**Data listing:**
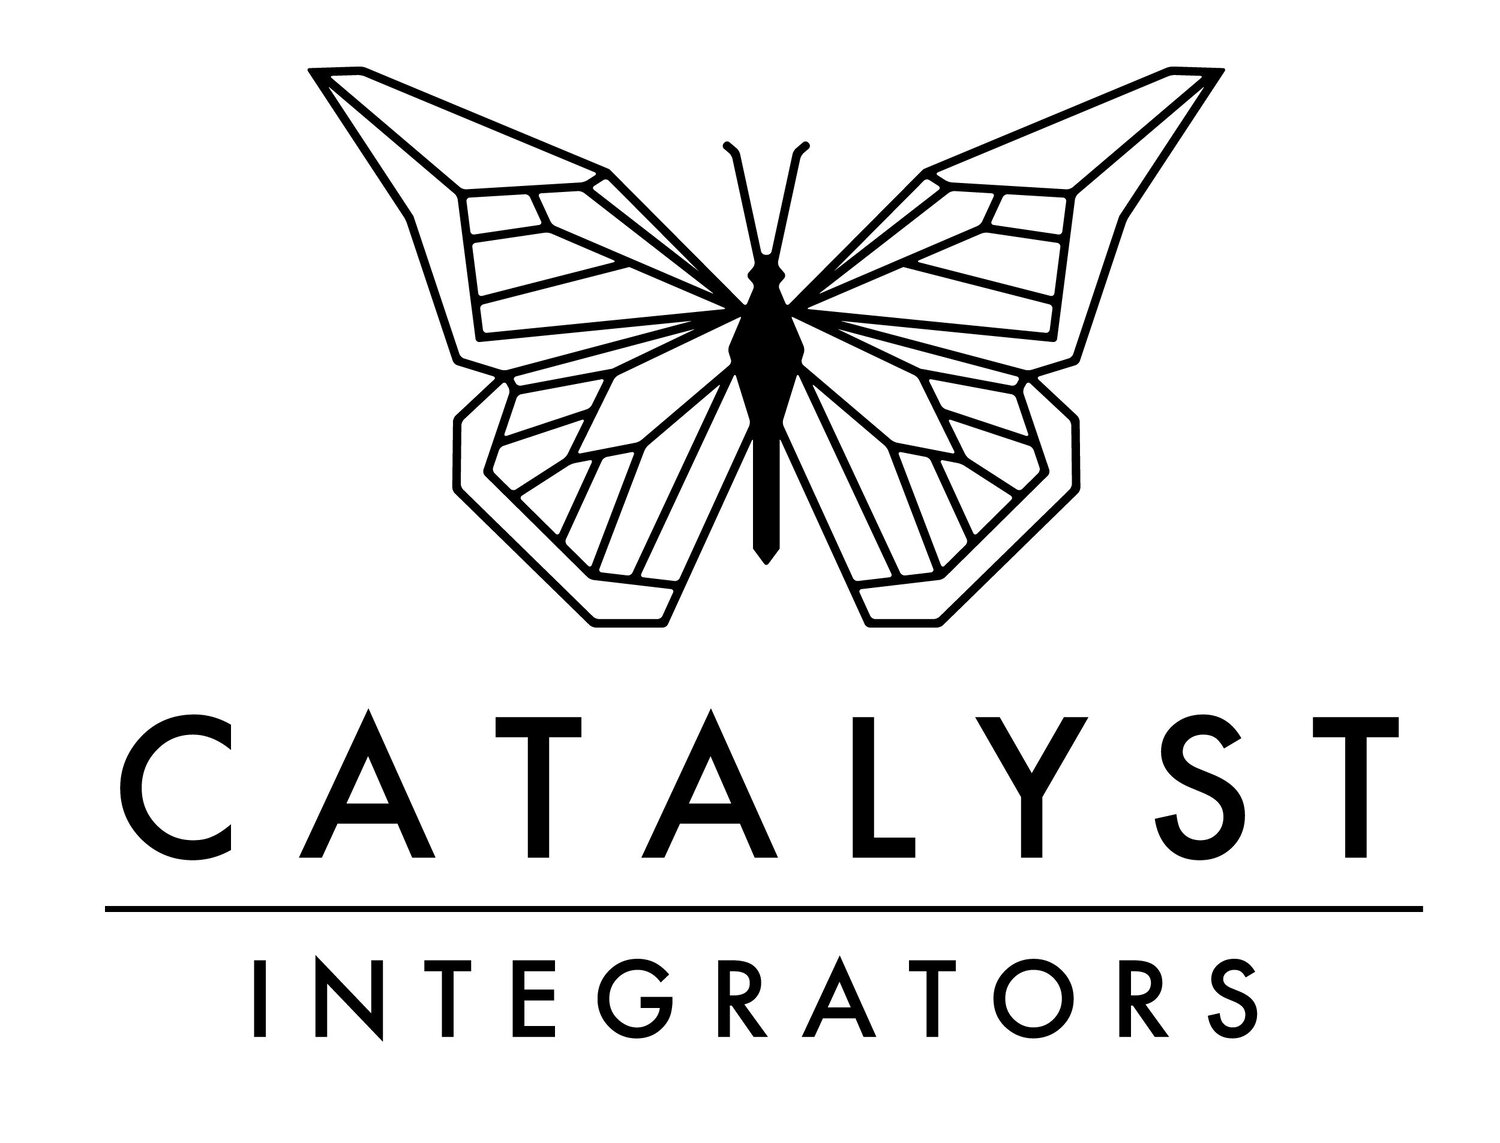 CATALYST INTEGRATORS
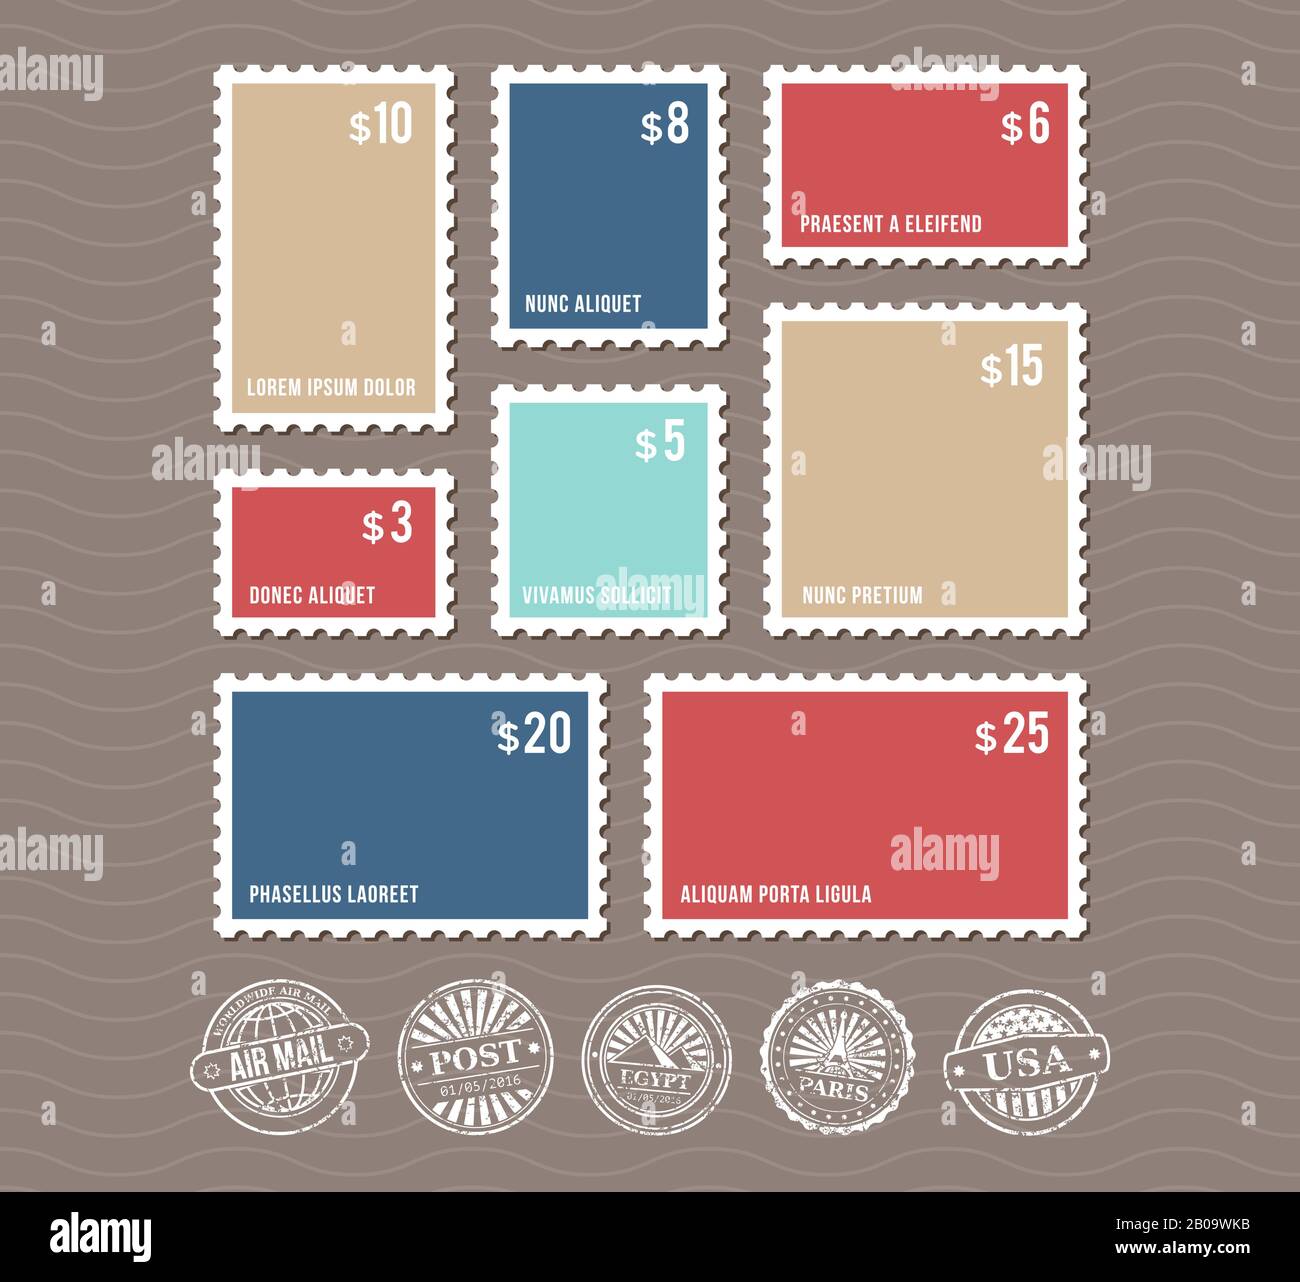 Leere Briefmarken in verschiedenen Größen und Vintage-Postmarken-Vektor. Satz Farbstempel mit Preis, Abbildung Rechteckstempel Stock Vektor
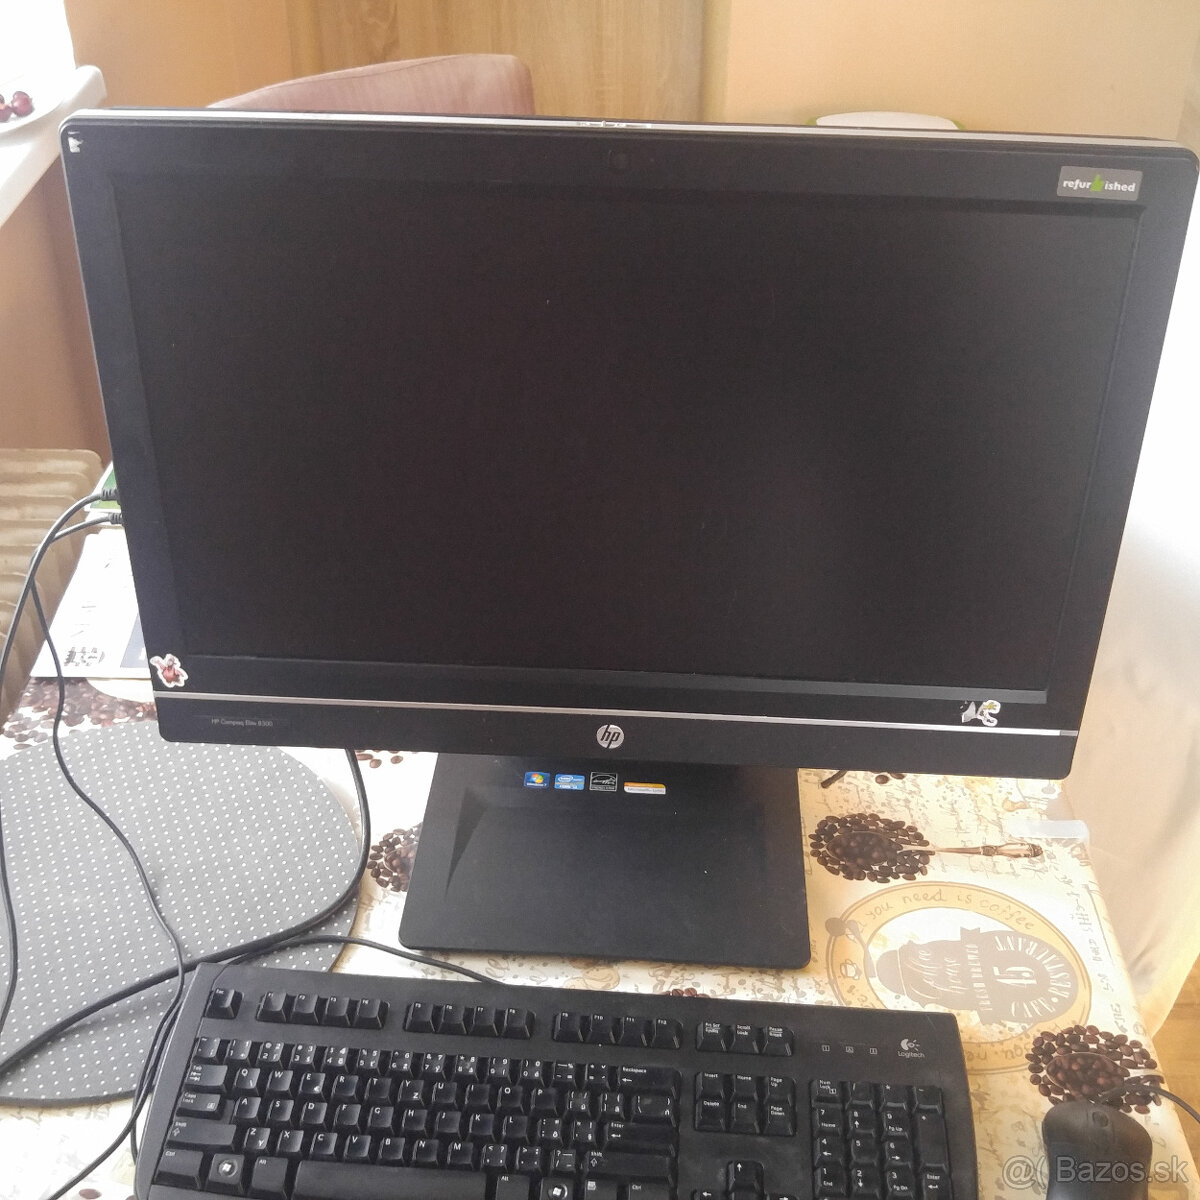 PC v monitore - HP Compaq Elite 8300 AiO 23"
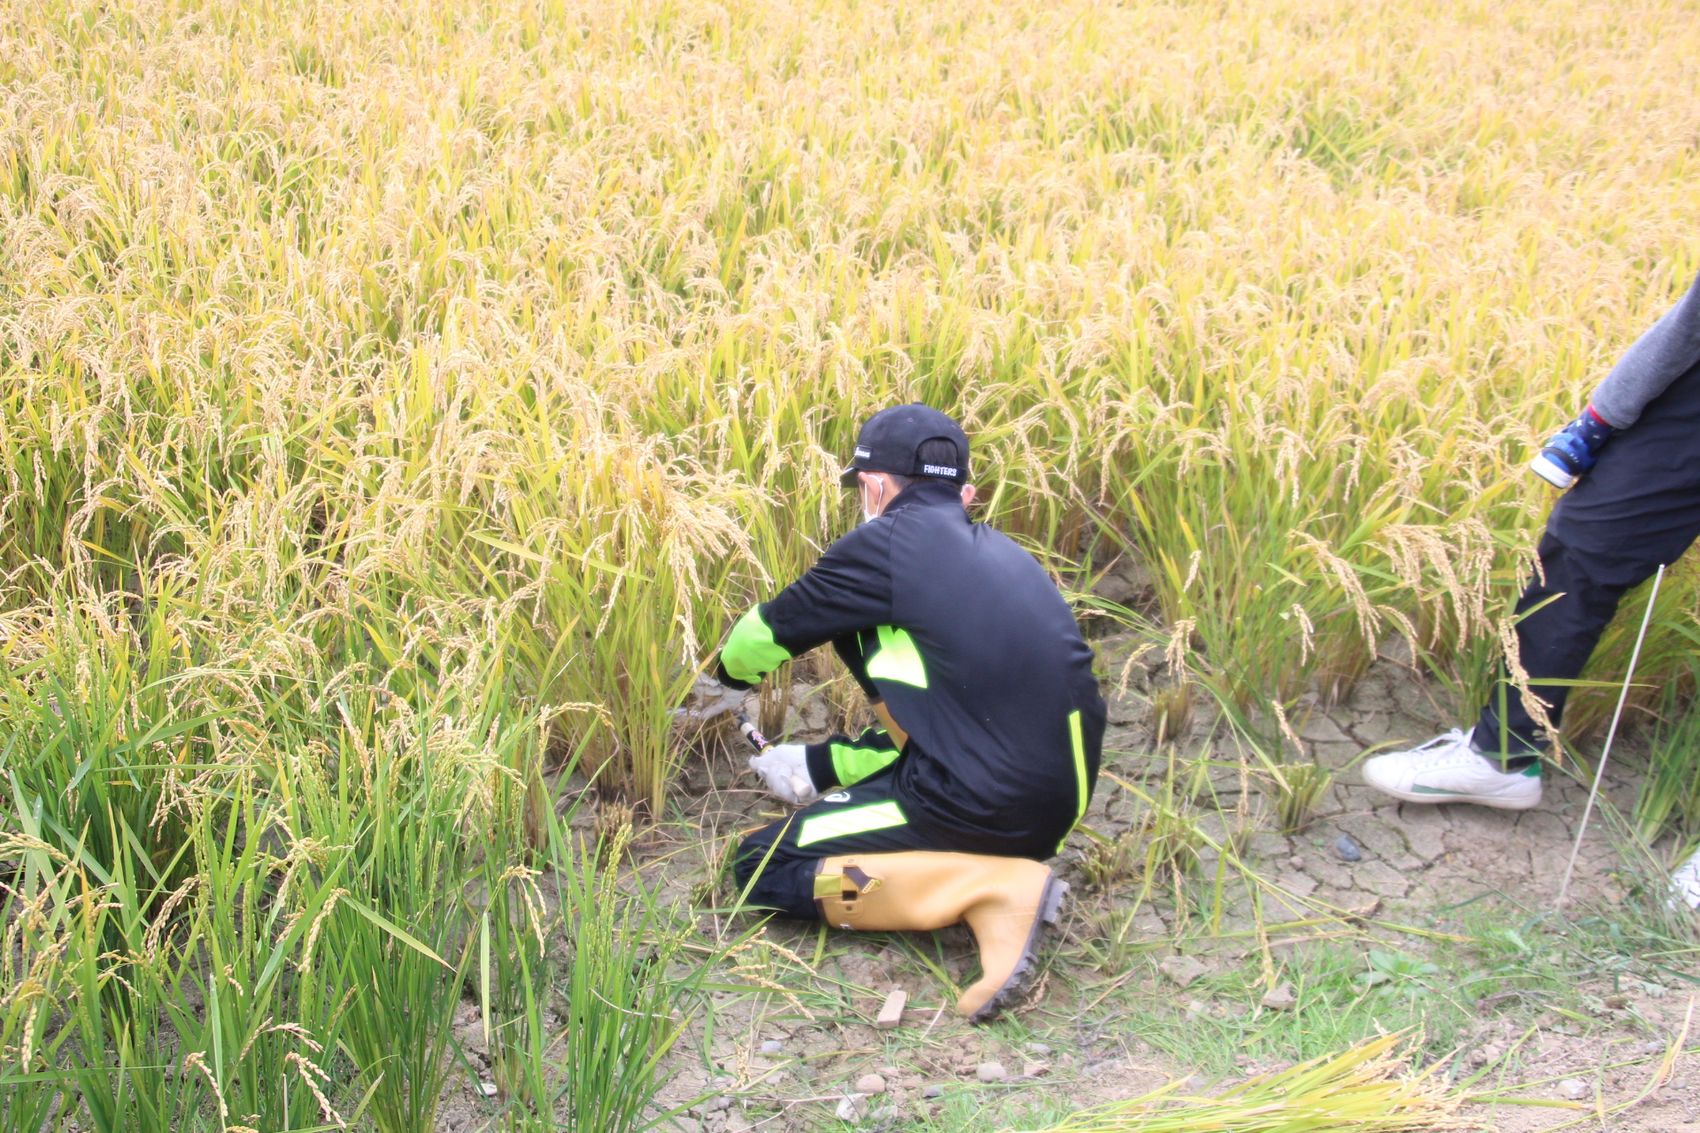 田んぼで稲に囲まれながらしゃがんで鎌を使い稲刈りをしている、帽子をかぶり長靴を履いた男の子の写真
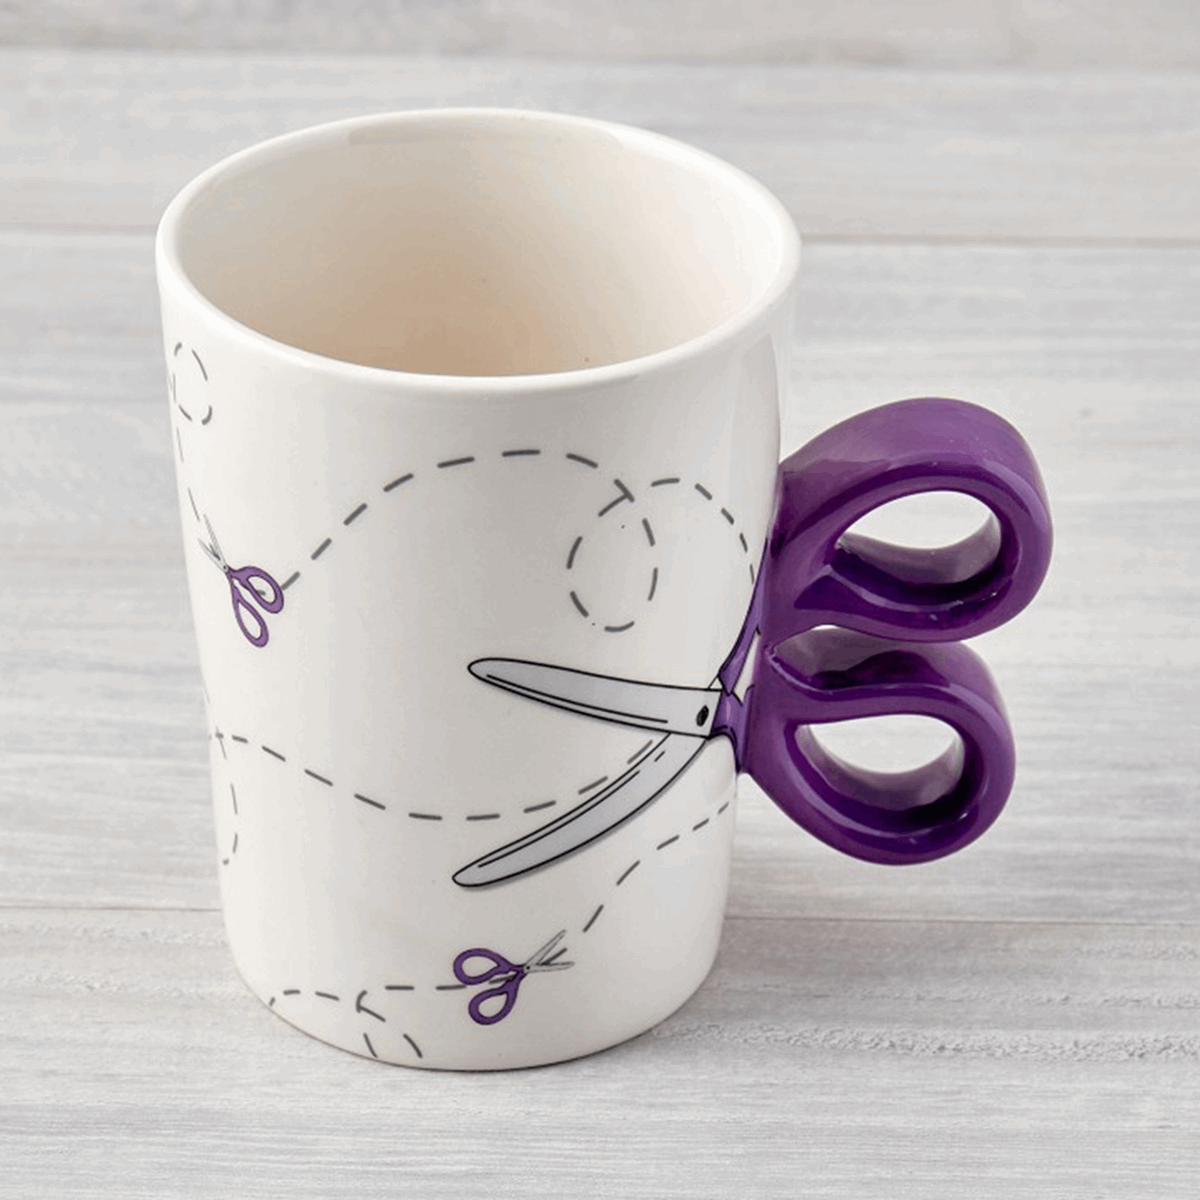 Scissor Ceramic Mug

**Task statement:** Only the words belong in your copy: restate the data above exactly and leave the images out.

**Exercise answer:**
 CATALYST INTEGRATORS
 Leere Briefmarken in verschiedenen Größen und Vintage-Postmarken-Vektor. Satz Farbstempel mit Preis, Abbildung Rechteckstempel Stock Vektor
 PC v monitore - HP Compaq Elite 8300 AiO 23"
 田んぼで稲に囲まれながらしゃがんで鎌を使い稲刈りをしている、帽子をかぶり長靴を履いた男の子の写真
 Scissor Ceramic Mug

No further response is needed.